Organizar as lutas. Por Vladimir Safatle

A esquerda se deixou configurar como força reativa, incapaz de propor pautas

Na Folha

A situação brasileira atual não é apenas a figura da emergência de novos perigos e violência. Ele é a expressão de um esgotamento profundo dos modos de organização das lutas e das mobilizações.

Não se trata apenas de esperar por novos líderes, de fazer partidos voltarem “às bases” ou de resistir em nossos espaços.

Agora, começa um dos mais duros exercícios: essa mistura de consciência do colapso de nossas forças e da possibilidade de sua reconstrução.

A ascensão à Presidência de uma figura com vínculos orgânicos à ditadura militar significa, entre outras coisas, que o modelo de organização e luta produzido no fogo do combate à ditadura, modelo que nos guiou nesses últimos 35 anos, não nos serve mais.

Aqueles que ampararam nossos espaços de lutas, seja sob a forma de partidos, seja sob a forma de sindicatos e associações diversas, mostraram não estar à altura das formas de emergência que a sociedade contemporânea conheceu nos últimos tempos e conhecerá ainda mais.

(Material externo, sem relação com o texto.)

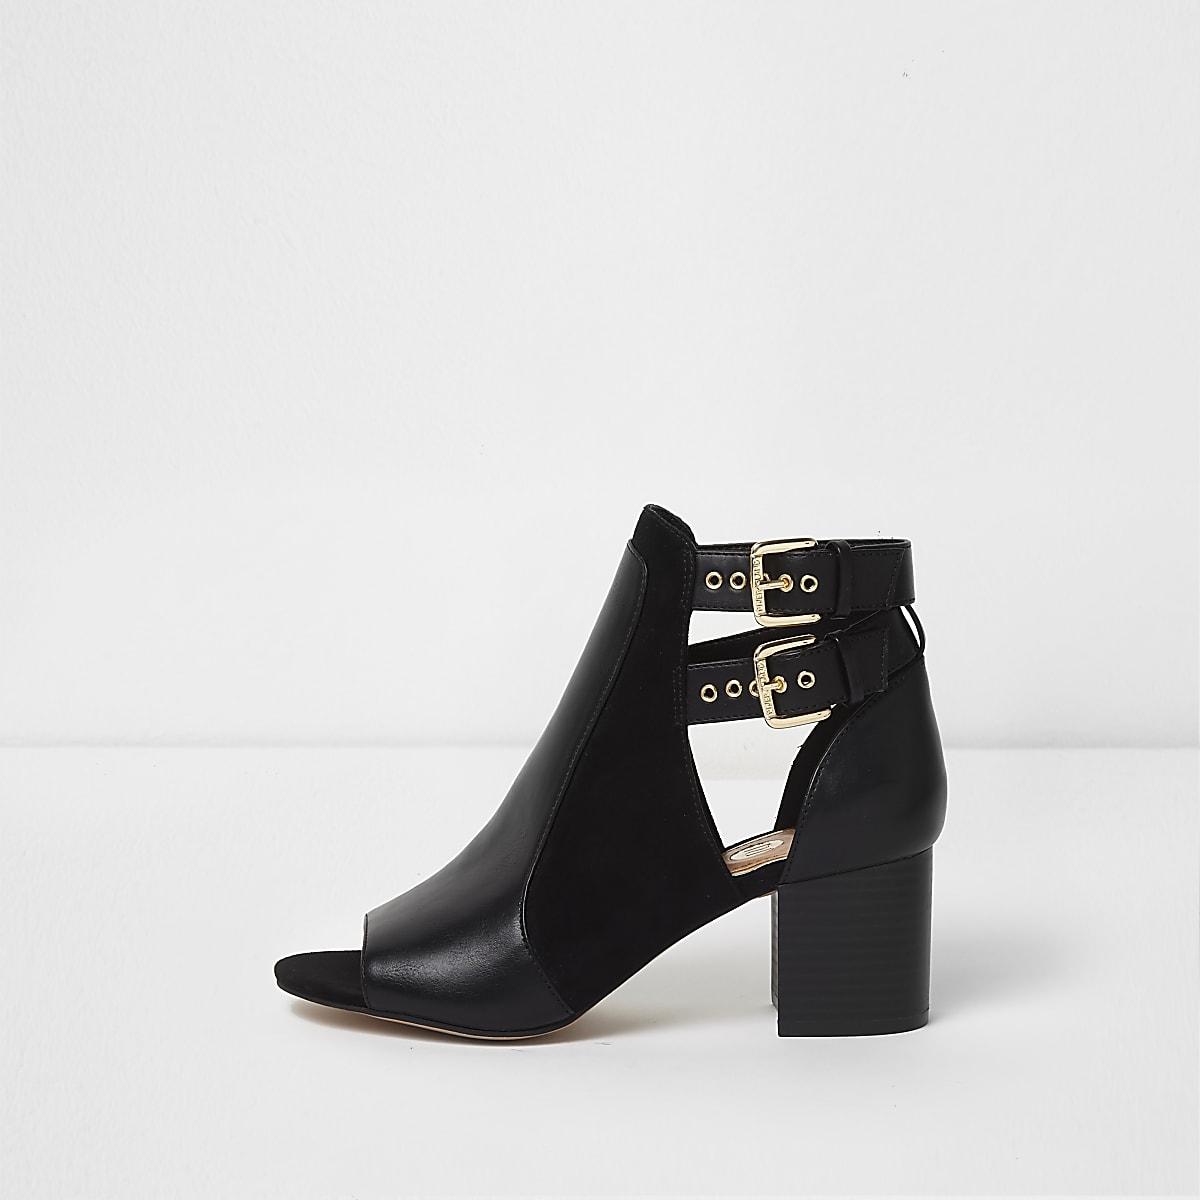 Black double buckle peep toe shoe boots

Desde a Primavera Árabe, o mundo vê uma forma de explosão popular constante e com as mesmas características. Elas não estão ausentes do nosso Junho de 2013. Trata-se de explosões de descontentamento econômico, social e político sem organização definida, que começam como uma centelha e rapidamente se propagam.

Fácil seria dar aqui mais um giro em nossas teorias da conspiração e não ver que se trata de uma emergência informe que não é fruto da organização prévia de um grupo de vanguarda.

Ela é fruto de um contágio a partir de um descontentamento local (reajuste de passagens de ônibus, aumento no imposto de combustível, aumento no preço da gasolina etc.), mas que coloca imediatamente à vista a ausência de vínculo às nossas instituições de poder.

Até agora, a esquerda perdeu todas as possibilidades de criar hegemonia a partir de tais explosões porque não houve um tipo de organização que soubesse criar hegemonia em movimento, parar de desqualificar aquilo que não foi previamente organizado.

O que não poderia ser diferente, já que a grande maioria das intervenções da esquerda foi reativa, dirigista e sem capacidade de criação de implicações genéricas.

Boa parte das lutas principais da esquerda se deu ultimamente sob a forma da recusa. Na verdade, elas são pautadas por quem ela combate. Elas sempre se dão como “contra o desmonte de direitos”, “contra a política econômica vigente”, “não à PEC do Teto”, “#EleNão”.

Ou seja, a esquerda se deixou configurar como força reativa, incapaz de pôr pautas em circulação. Ela responde a pautas postas por outros.

No entanto, a lógica atual do poder se baseia em nos prender nessas dinâmicas infinitas de reação. Eles gerarão continuamente rumores e boatos, ameaças que serão desmentidas no dia seguinte para nos prender em um movimento infinito de pânico.

A primeira coisa a fazer é parar esse movimento. O poder tem uma capacidade absoluta de criar monstruosidades e obscenidades, mas devemos parar de operar como divulgadores involuntários.

Isso exige não apenas uma “agenda”, mas principalmente uma dinâmica de radicalização de posições. As formas da ruptura hoje migraram quase todas para a extrema direita.

Por isso, ela é forte. Algo que se sabe desde a Comuna de Paris é que a imaginação social só volta a funcionar quando se assume a emergência de formas de descontrole social.

Contra uma sociedade controlada pelas figuras do Estado e de suas instituições, há de se defender o descontrole dos processos que voltam para as mãos de conselhos e de espaço de decisão direta.

Mas a última coisa que parece similar a tais espaços são as organizações de esquerda. Essa é uma das razões por que há um processo que sempre se trava.

Vladimir Safatle – Professor de filosofia da USP, autor de “O Circuito dos Afetos: Corpos Políticos, Desamparo e o Fim do Indivíduo”.